Saturday, November 27, 2021

Retrospective on writing

I started to edit my old posts. I was surprised to find how badly they were written.

My writing started to change noticeably about ten years ago.

In 2012 I bought a text editor called iA Writer. It has standard grammar check but it is also capable of catching cliches, excessive use of adjectives and adverbs, fillers.

Books that had big influence in my writing in decades since 2000s:

- Truman Capote's In Cold Blood, 

- On Writing: A Memoir of the Craft by Stephen King, 

- Stephen King's The Shining,

- Colm Toibin's The Heather Blazing and House of Names. 

Reading bad books, and crime novels helped too.

My vocabulary is still weak (it will never reach to the level of an English born), but in modern English lean prose is more important and I might probably get by.  

Saturday, November 6, 2021

Ephemeral exhibition

There is an underground passage near the train station where we live. It bypasses a major highway above. 

Cool in hot days, flooded in torrential rains, it witnesses its fair share of mundane events. 

Early in the morning, people are rushing to the train station, or slow moving noisy herd of girls moving in the opposite direction, going to their school, a girls’ college nearby. 

Then in the evening tired office workers, beaten by a day’s work are returning home. Every day is the same. Life is as dull as it gets under the tunnel.

With its grey walls and flickering neon lights, the tunnel is always there, unassuming, never refusing to let you go in one direction or the other, a small wormhole connecting two little universes, one end is for leaving, the other one is for coming.

This endless looking boredom is sometimes broken by an influx of graffiti. 

You can tell if graffiti are made by a herd of teenagers or a solitary artist. 

Teens leave the walls with battered mixture, an illegible cacophony of teenage outrage. Their work is similar. They attempt to show off their signature, made up in block 3d letters, cryptic words that do not mean anything, as elusive as the source of their frustration.  

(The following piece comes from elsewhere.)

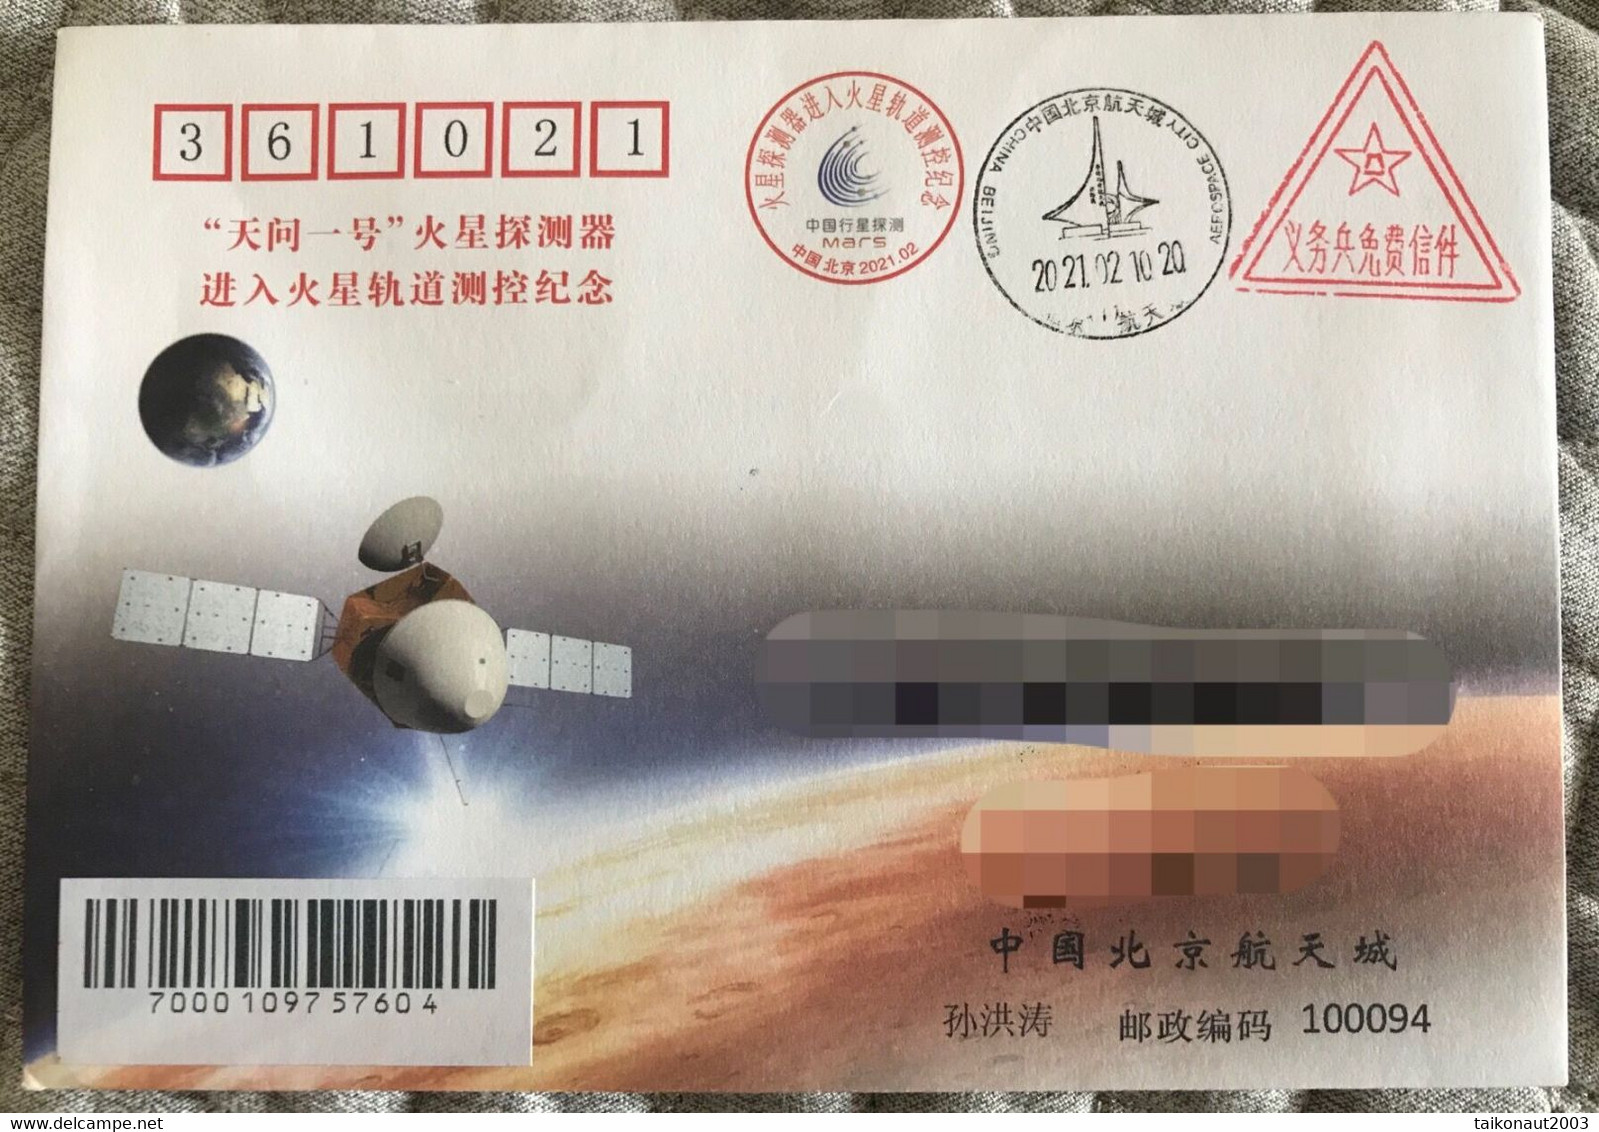 China Space 2021 Tianwen-1 Enter Mars Orbit Control Cover, Beijing Space City - Asia

The stationmaster who is responsible to look after the train station, makes occasional announcements from fixed megaphones erected around the platform. He accepts customer enquiries, warns girls not to block stairways, asks people to wear their masks, and he ensures people to know that the tunnel is his territory.

There is an ongoing arms race between graffiti artists and the stationmaster. When the ratio of graffiti and greyness reach to a certain level, he washes the walls with grey paint and graffiti disappears overnight. 

Yet something unusual breaks this tedious flow. An unknown artist we would never see or know, emerge out of darkness and start to create art. 





Unlike teenagers’ mess, the solitary artist’s artworks are distinctive, they have style and stories, they make you wonder. A few days apart, a new work is added. You can tell it is from the same artist. People using the tunnel witness a living exhibition, wondering what would be added today. This is art.  

Passers like me nervously await the day these works disappear. But unlike an exhibition in an art gallery, there is no definitive day to end it. This makes the art brutally thrilling, you need to understand the message while it lasts, until the day the stationmaster appears with his bucket full of grey paint.